BeeGFS server multi-homing configuration
To increase the density of the solution, each file node has multiple storage interfaces with IPs configured in the same IP subnet.

Additional configuration is required to make sure that this configuration works as expected with the Linux networking stack, because by default, requests to one interface can be responded to on a different interface if their IPs are in the same subnet. In addition to other drawbacks, this default behavior makes it impossible to properly establish or maintain RDMA connections.

The Ansible-based deployment handles tightening of the reverse path (RP) and address resolution protocol (ARP) behavior, along with ensuring when floating IPs are started and stopped; corresponding IP routes and rules are dynamically created to allow the multihomed network configuration to work properly.

BeeGFS client multi-rail configuration
Multi-rail refers to the ability of an application to use multiple independent network “rails” to increase performance.

Although BeeGFS can use RDMA for connectivity, BeeGFS uses IPoIB to simplify discovering and establishing RDMA connections. To allow BeeGFS clients to use multiple InfiniBand interfaces, you can configure each client with an IP address located in a different subnet and then configure the preferred interfaces for half of the BeeGFS server services in each subnet.

In the following diagram, interfaces highlighted in light green are located in one IP subnet (for example, 100.127.0.0/16) and the dark green interfaces are located in another subnet (for example, 100.128.0.0/16).

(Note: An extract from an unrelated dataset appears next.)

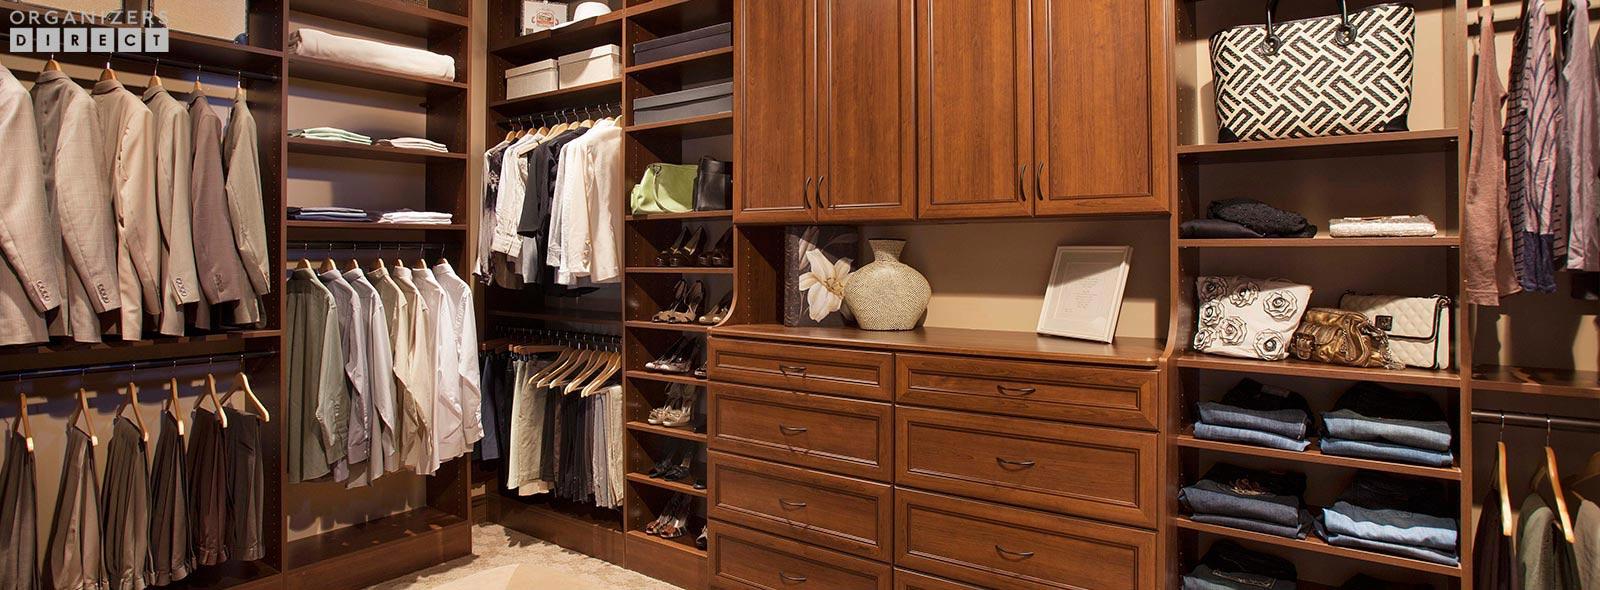 Unique Storage And Organizers Custom Home Organization

The following figure shows the balancing of traffic across multiple BeeGFS client interfaces.

beegfs design image8

Because each file in BeeGFS is typically striped across multiple storage services, the multi-rail configuration allows the client to achieve more throughput than is possible with a single InfiniBand port. For example, the following code sample shows a common file-striping configuration that allows the client to balance traffic across both interfaces:

root@ictad21h01:/mnt/beegfs# beegfs-ctl --getentryinfo myfile
Entry type: file
EntryID: 11D-624759A9-65
Metadata node: meta_01_tgt_0101 [ID: 101]
Stripe pattern details:
+ Type: RAID0
+ Chunksize: 1M
+ Number of storage targets: desired: 4; actual: 4
+ Storage targets:
  + 101 @ stor_01_tgt_0101 [ID: 101]
  + 102 @ stor_01_tgt_0101 [ID: 101]
  + 201 @ stor_02_tgt_0201 [ID: 201]
  + 202 @ stor_02_tgt_0201 [ID: 201]

Using two IPoIB subnets is a logical distinction. You can use a single physical InfiniBand subnet (storage network), if desired.

Multi-rail support was added in BeeGFS 7.3.0 to allow the use of multiple IB interfaces in a single IPoIB subnet. The design for the BeeGFS on NetApp solution was developed before the general availability of BeeGFS 7.3.0, and thus demonstrates the use of two IP subnets to use two IB interfaces on the BeeGFS clients. One advantage of the multiple IP subnet approach is eliminating the need to configure multihoming on BeeGFS client nodes (for more information, see BeeGFS RDMA support).

EF600 block node configuration

Block nodes are comprised of two active/active RAID controllers with shared access to the same set of drives. Typically, each controller owns half the volumes configured on the system, but can take over for the other controller as needed.

Multipathing software on the file nodes determines the active and optimized path to each volume and automatically moves to the alternate path in the event of a cable, adapter, or controller failure.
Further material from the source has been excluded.